10. Cost-Pass-Through Pricing Analysis – Accountants help businesses determine whether to absorb increased costs, adjust pricing strategies, or pass tariff costs on to consumers.
What Can Accountants Do About These Impacts?
Accountants are uniquely positioned to respond proactively to tariff-related challenges. They are not only responsible for accurate tracking and compliance, but also for advising leadership on how to adapt to new economic realities. By analyzing the financial effects of tariffs and offering data-driven insights, as described above, accountants help businesses pivot strategies to remain competitive and resilient.
Steps to Mitigate the Effects of Tariffs
● Implement Specialized Accounting Categories: Use separate accounts for tariffs to monitor and manage costs efficiently.
● Leverage Automated Inventory Systems: Integrate tariffs into inventory valuations to reflect true product costs.
● Analyze Tariff Costs by Supplier or Product: Identify high-impact areas and explore alternative sourcing options.
● Work Closely with Supply Chain Teams: Evaluate supplier relationships and help reassess sourcing strategies.
● Monitor Regulatory Changes: Stay informed on trade policy shifts to ensure compliance and anticipate risks.
● Adjust Pricing Strategies: Factor in tariff costs to maintain profit margins without surprising customers.

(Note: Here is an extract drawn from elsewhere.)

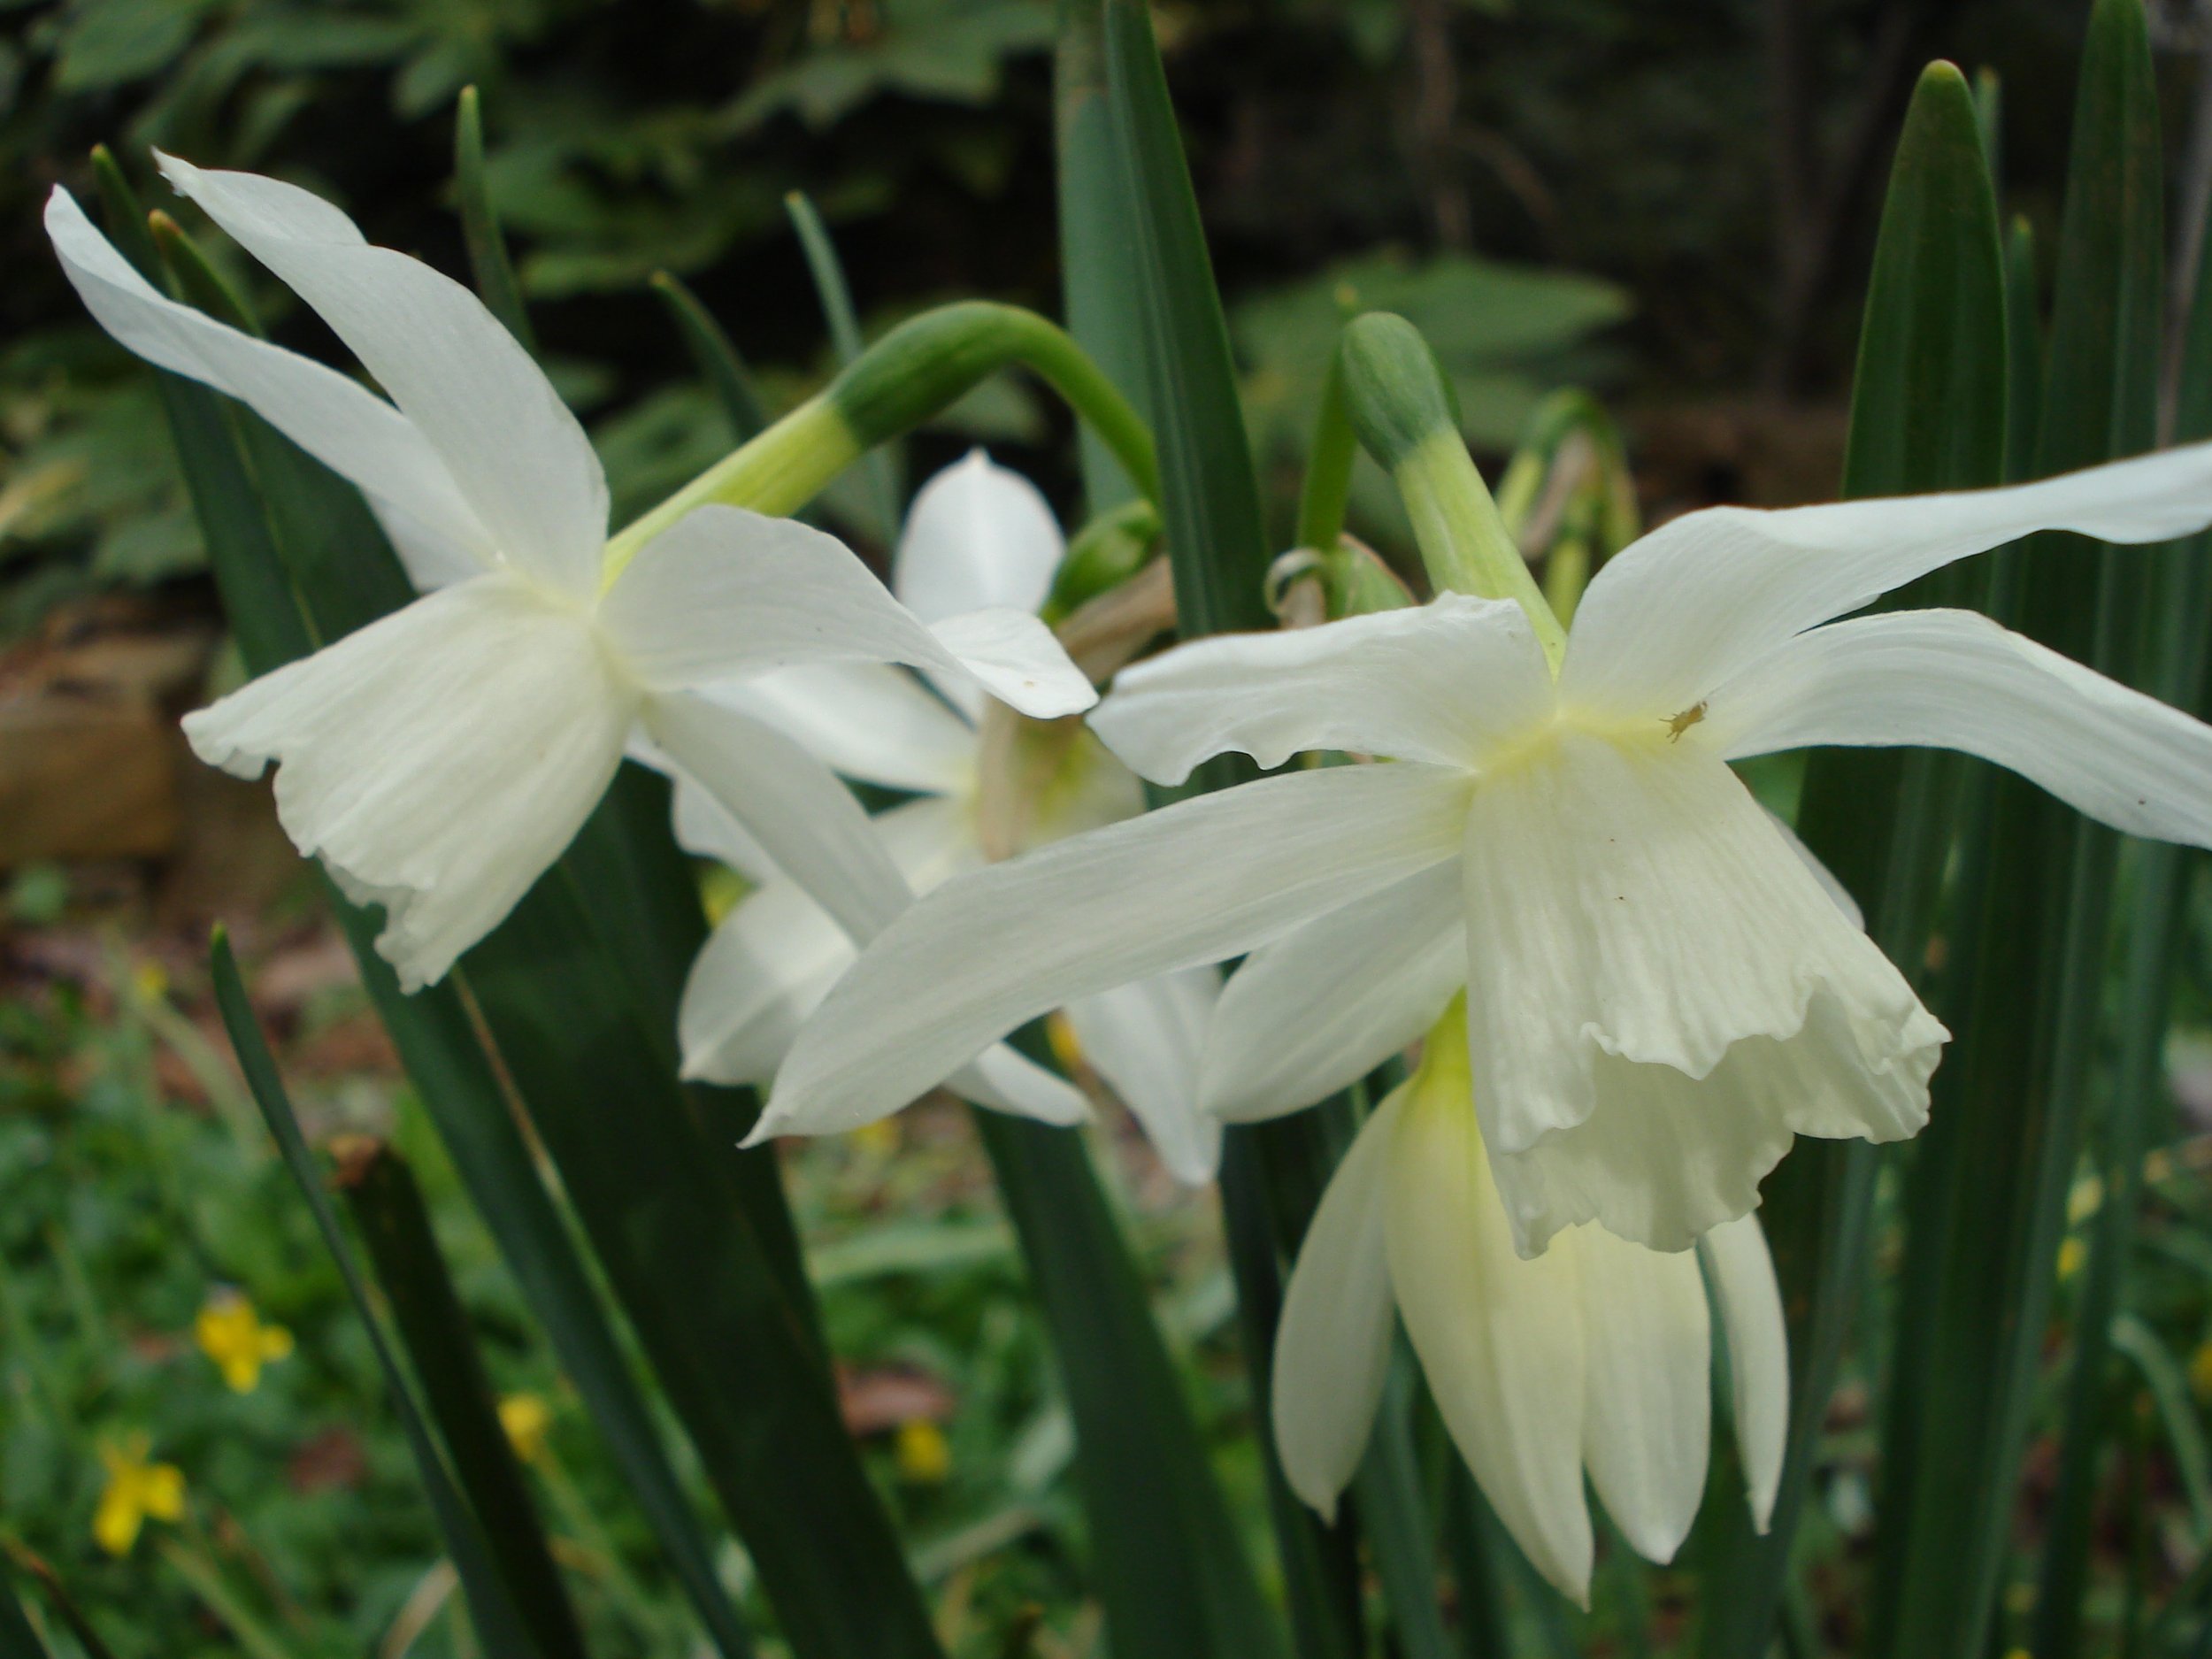 triandrus daffodil
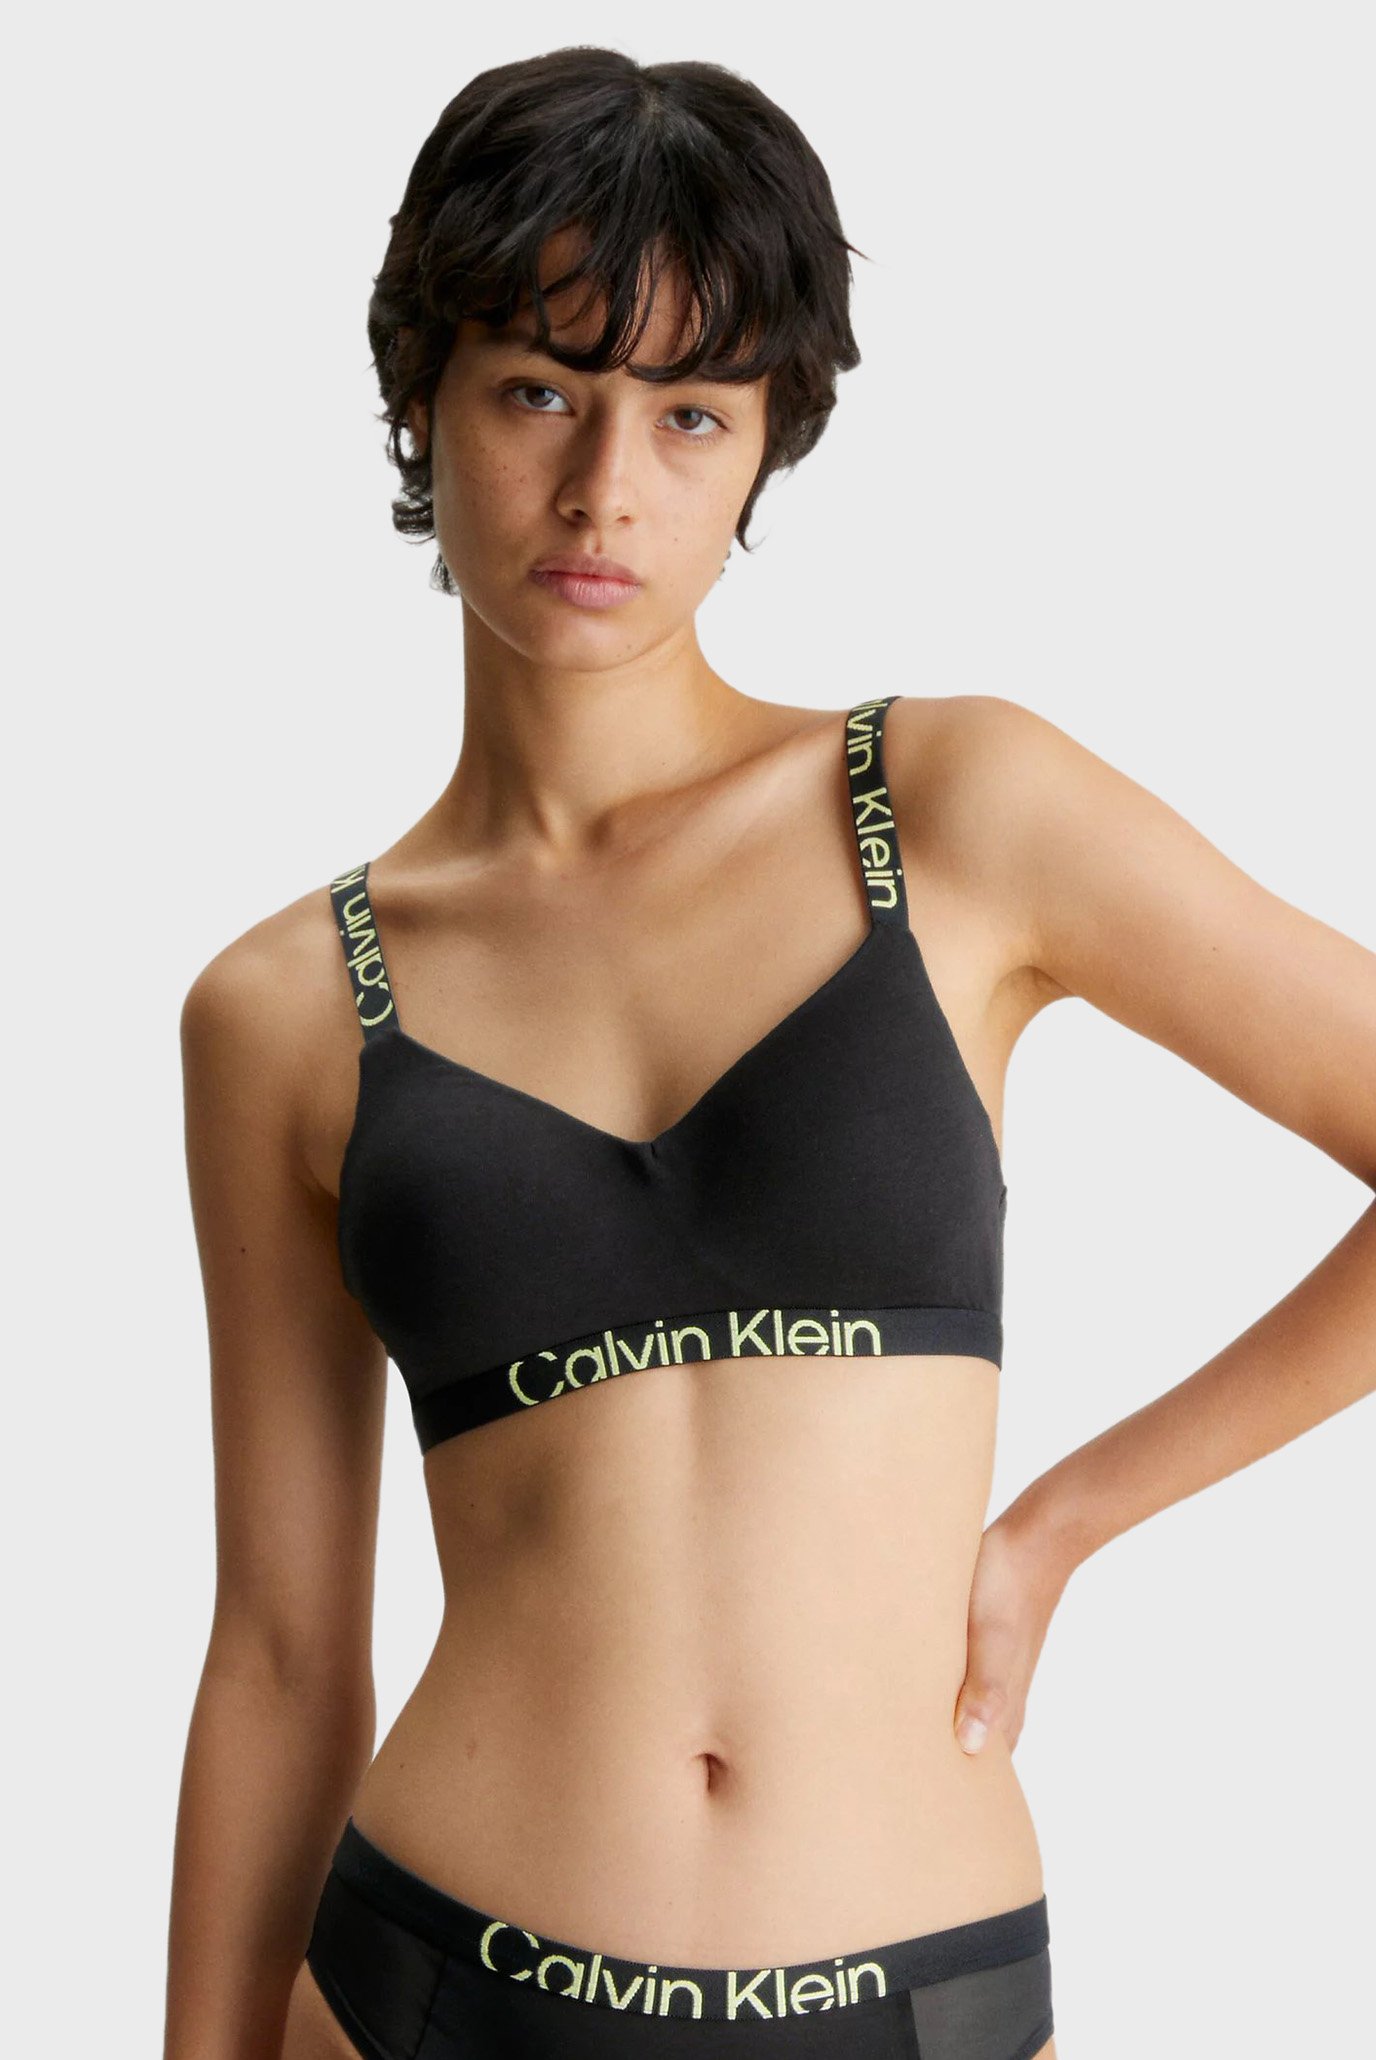 Заказать Бюстгальтеры Современный хлопок Bralette Calvin Klein, цвет -  черный, по цене 3 960 рублей на маркетплейсе

● Reevaluate Logistics Operations: Find ways to optimize shipping routes and warehouse locations to reduce tariff-related delays and expenses.
Conclusion
Tariffs have reshaped the responsibilities of accountants and finance professionals, making their roles more strategic than ever. They are no longer just number crunchers but critical advisors in navigating the complexities of global trade. By tracking costs, staying compliant, and helping businesses adapt, accountants ensure that companies remain financially sound and operationally agile in the face of tariff pressures.